> _What you are asked to do_:
Below is a listing; write it out exactly and drop any images from it.

> _Data shown_:
***
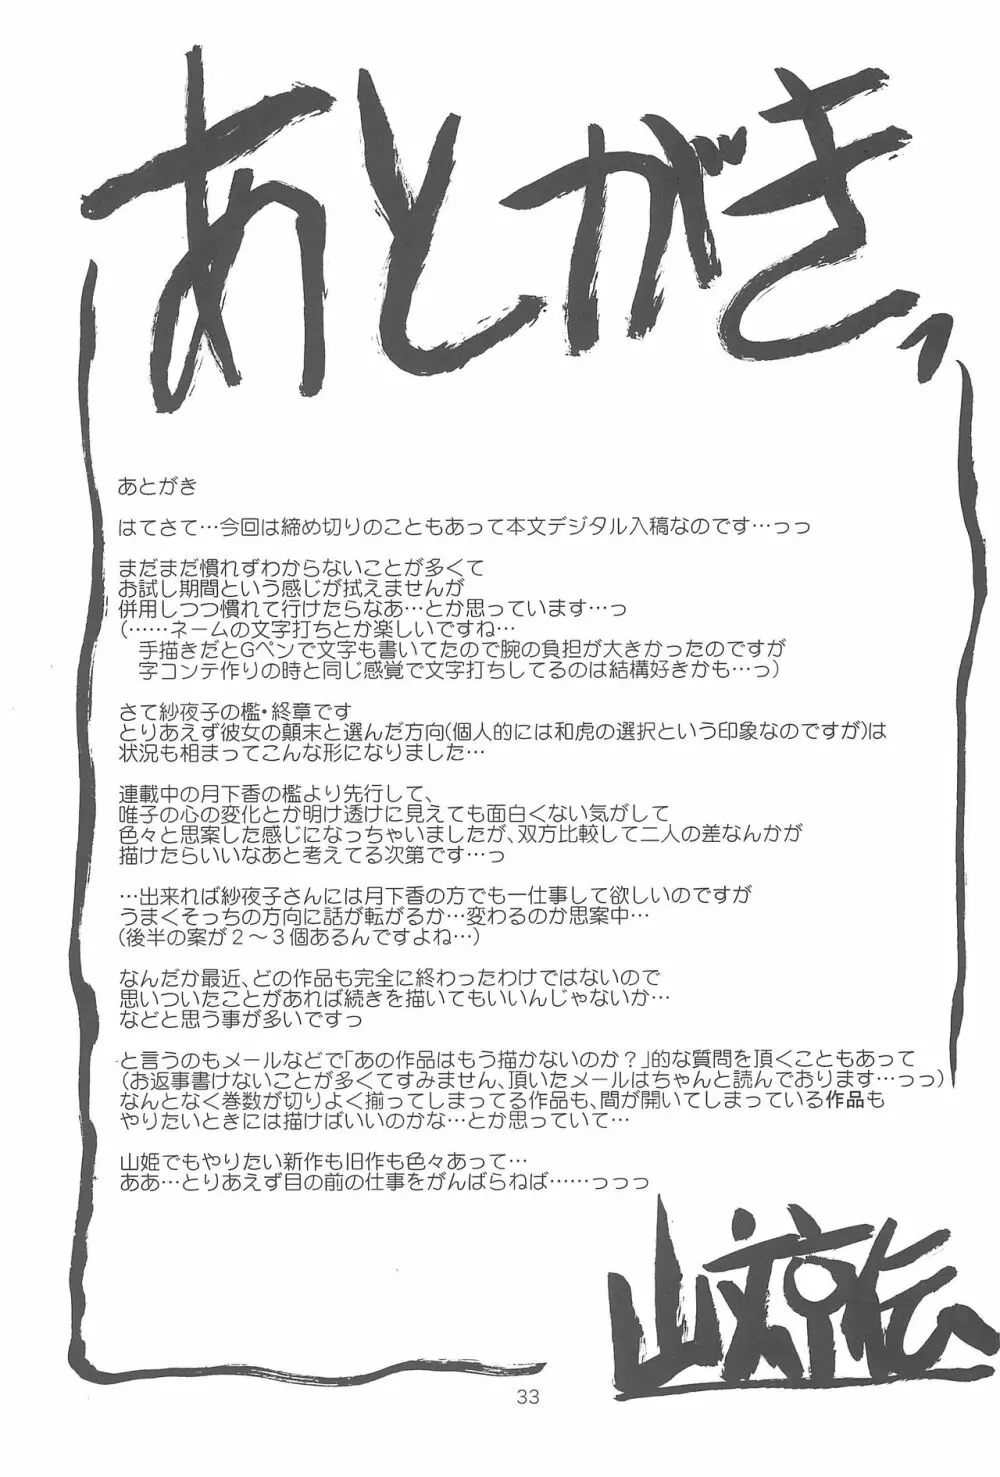 紗夜子の檻 -山影抄 紗夜子3- 33ページ
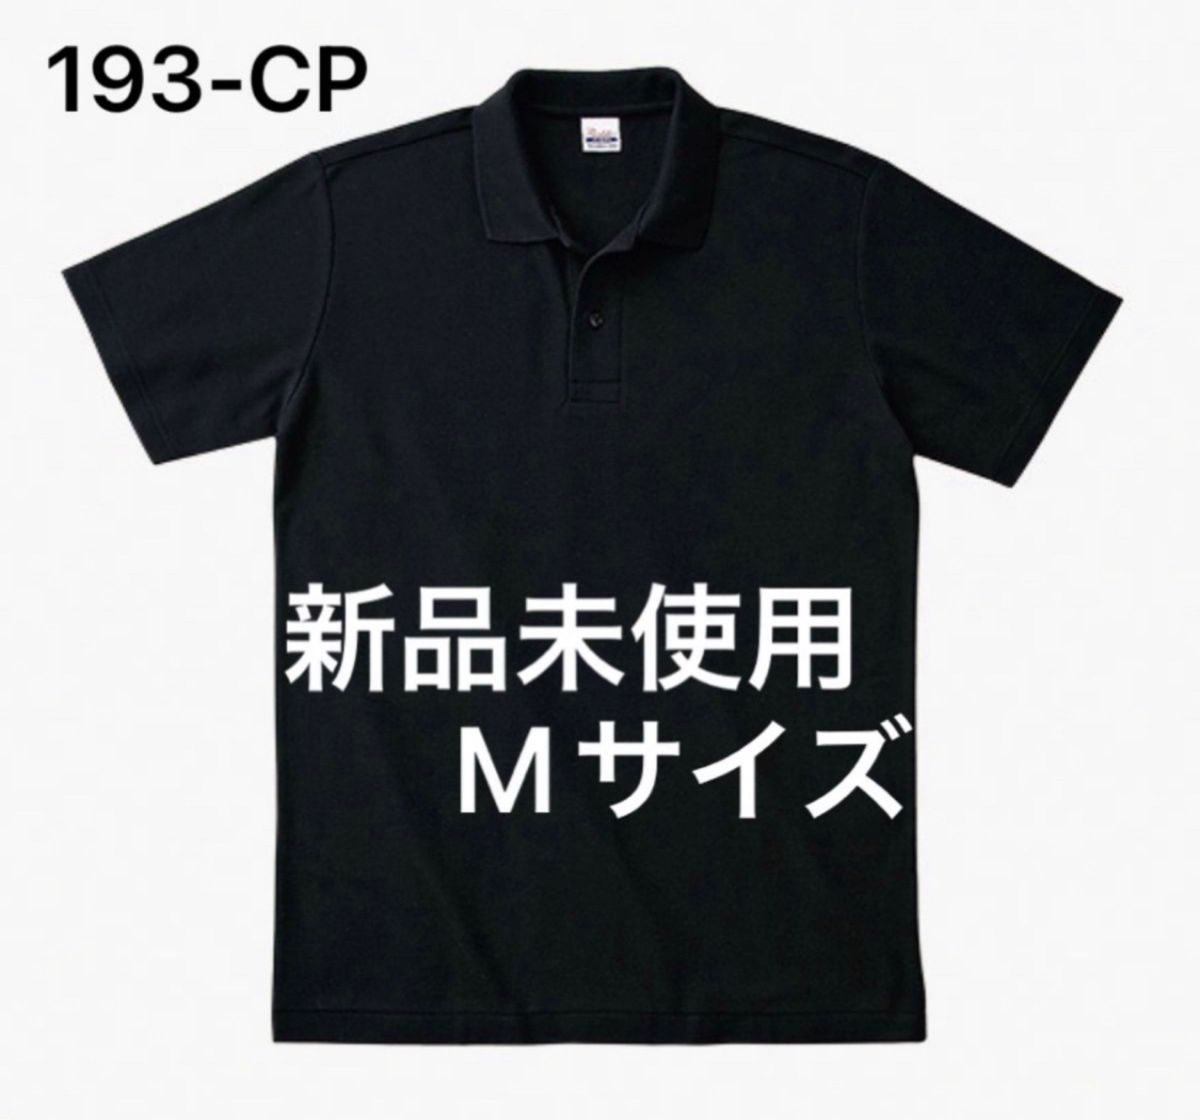 ポロシャツ 鹿の子 半袖 printstar【193-CP】M ブラック【66】
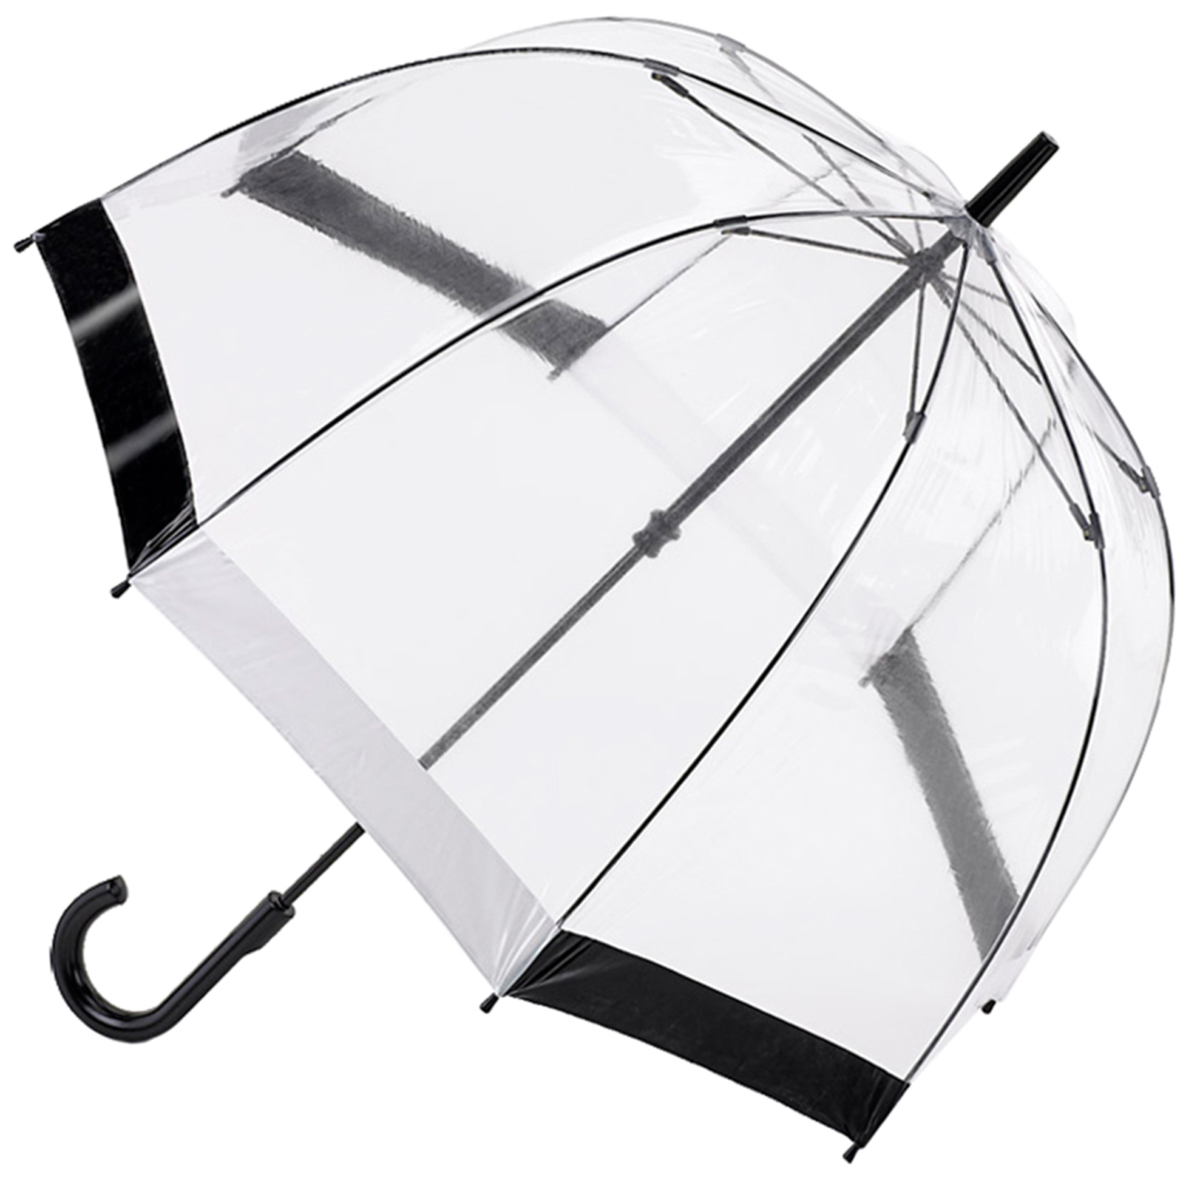 Fulton Birdcage Clear Dome Umbrella - Black/White Trim
***
> _Solution for this problem_:
 紗夜子の檻 -山影抄 紗夜子3- 33ページ
 ポロシャツ 鹿の子 半袖 printstar【193-CP】M ブラック【66】
 Fulton Birdcage Clear Dome Umbrella - Black/White Trim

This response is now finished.